You could strangle her before the guards could separate you, said another voice.
Maybe she has her reasons. Just like you.
She means to ruin your mind. She deserves to die.
Back and forth the voices went, until they bled into one.
She’s much more respectable than Braddock Glannondil or Dercy Daniser or any of the others. She fights for what she wants.
A good point.
Do what she asks.
That’s the best choice possible.
As if I had awoken from a dreadful nightmare, I found myself standing on a platform, thankfully not one made of glass. They were staring at me. Forty of them. Maybe fifty. I didn’t know the exact number, but anything greater than zero was too many. Dust stuck to their bloodied faces. I could have listed them off by name, but why torture myself?
Rivon Eyrie’s cheek was missing. His eyes were swollen, but through the puffiness he saw me. And he looked away, out of embarrassment… or anger.
The air inside the arena was stuffy. Voices trembled in my skull.
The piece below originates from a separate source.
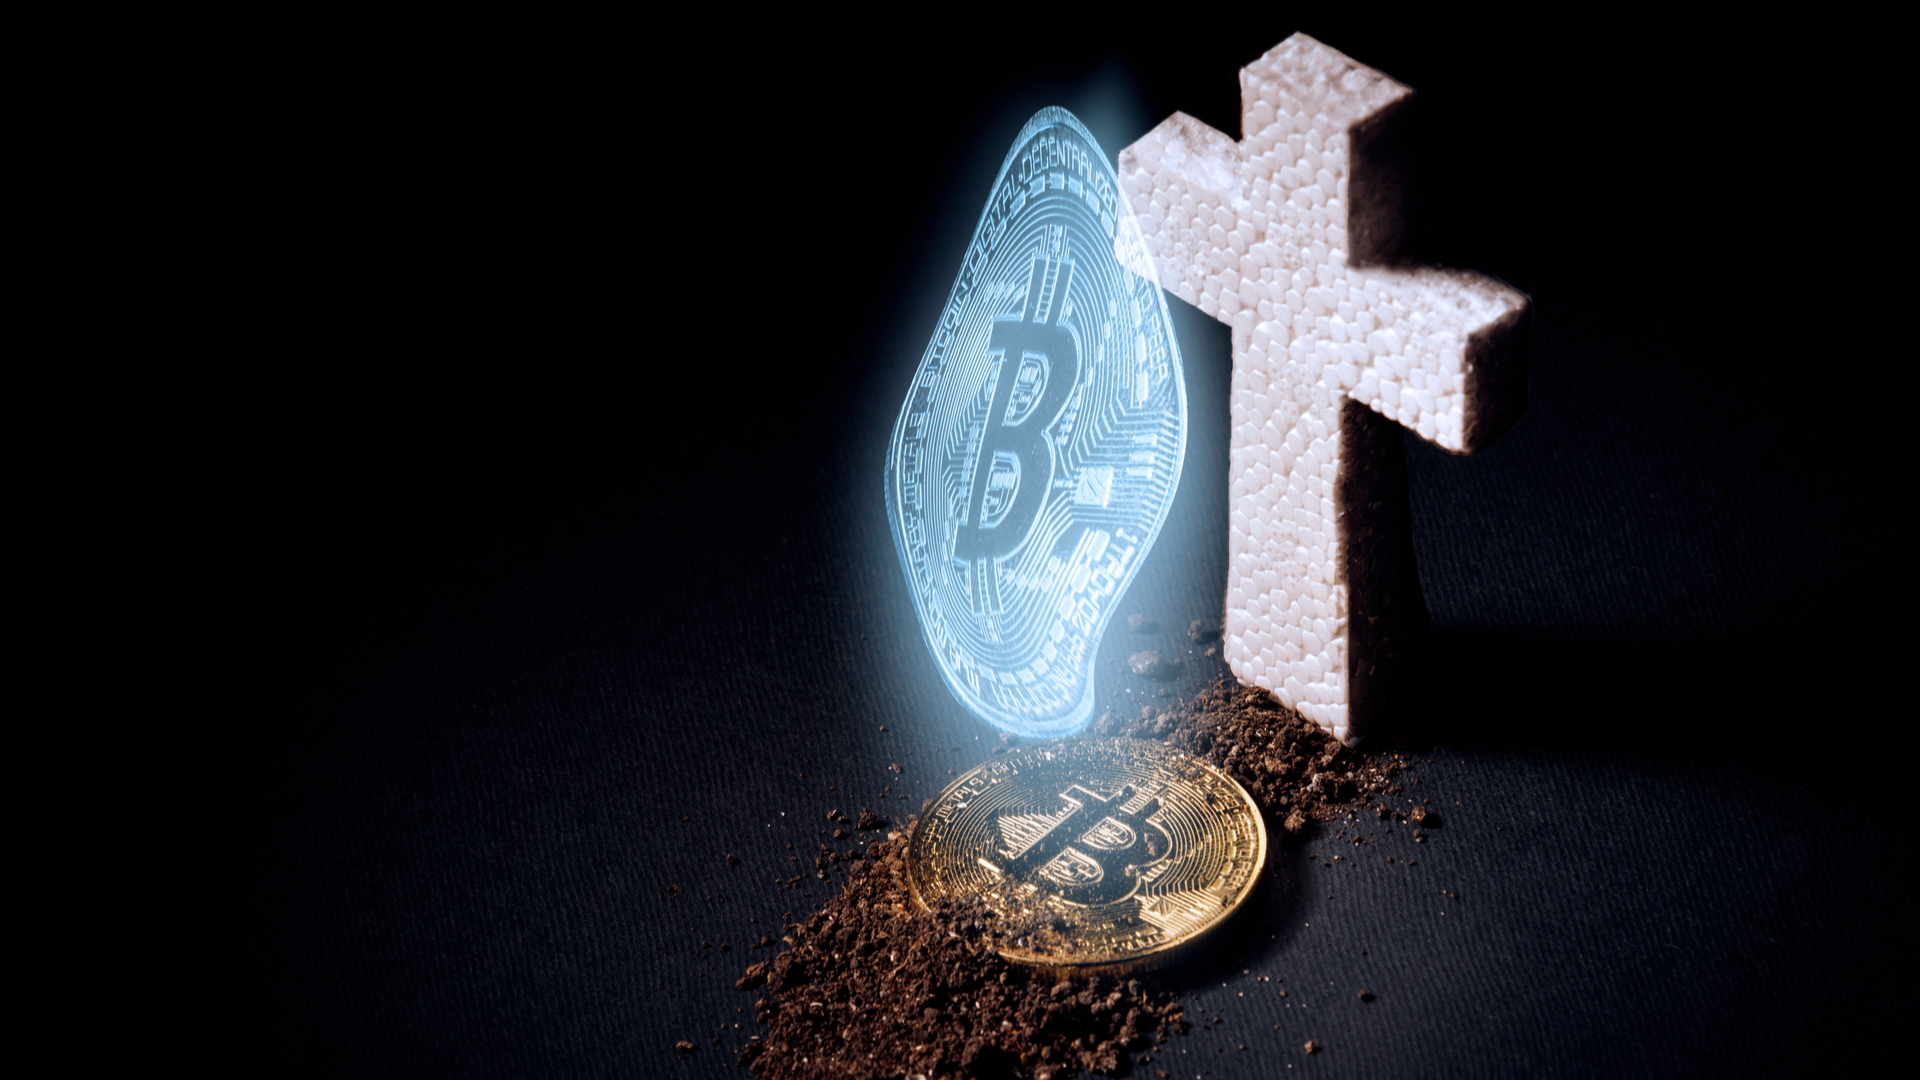 Quantas vezes o Bitcoin morreu? 37 só este ano
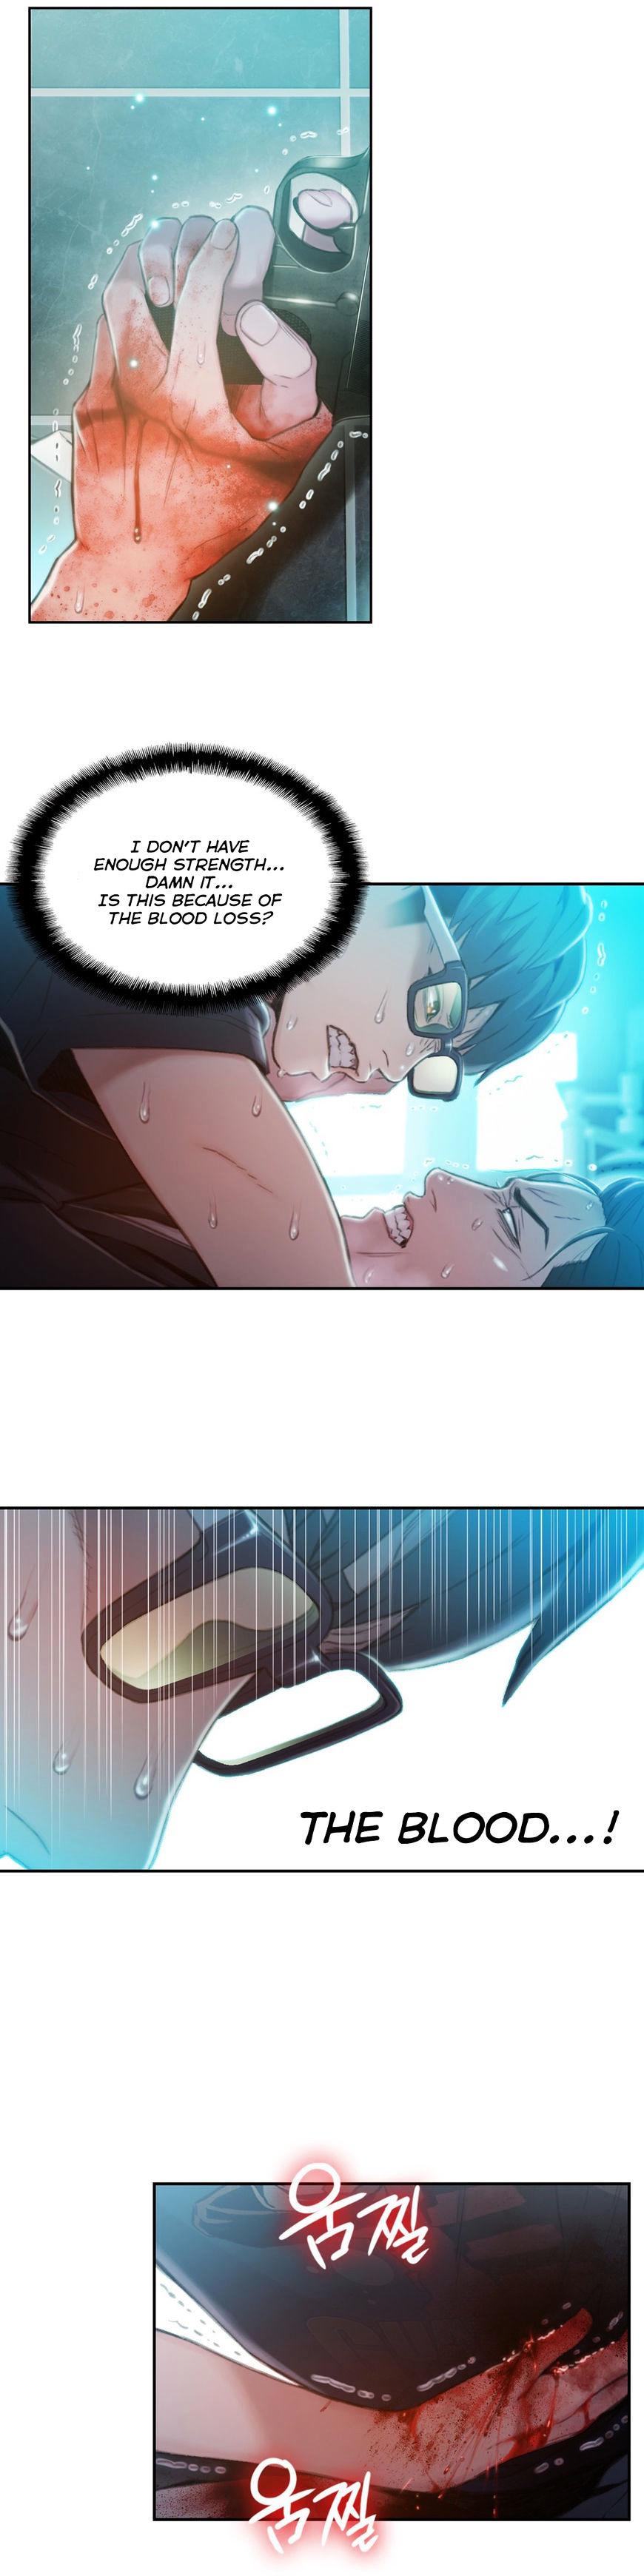 Sweet Guy Chapter 73 Full Manga Read Scan Image 23

Hundreds and thousands of them, talking about nonsense, or about what surprises the murderers and rapists inside the arena would face.
“You have two choices,” said the woman, who seemed to materialize from the ether and appear right next to me. “Willingly help me take Mizridahl and I will spare your Rots. Or I will kill them and force you to help me.”
I closed my eyes. As the words formed in my mind, I felt weak and pathetic. A feeble, woeful man. But I said them anyway. “What do you want me to do?”
“Assassinate Braddock Glannondil. That’s it. Then you and your Rots can do whatever is that you do. Nothing changes. Even the conjurers could use assassins, you know.”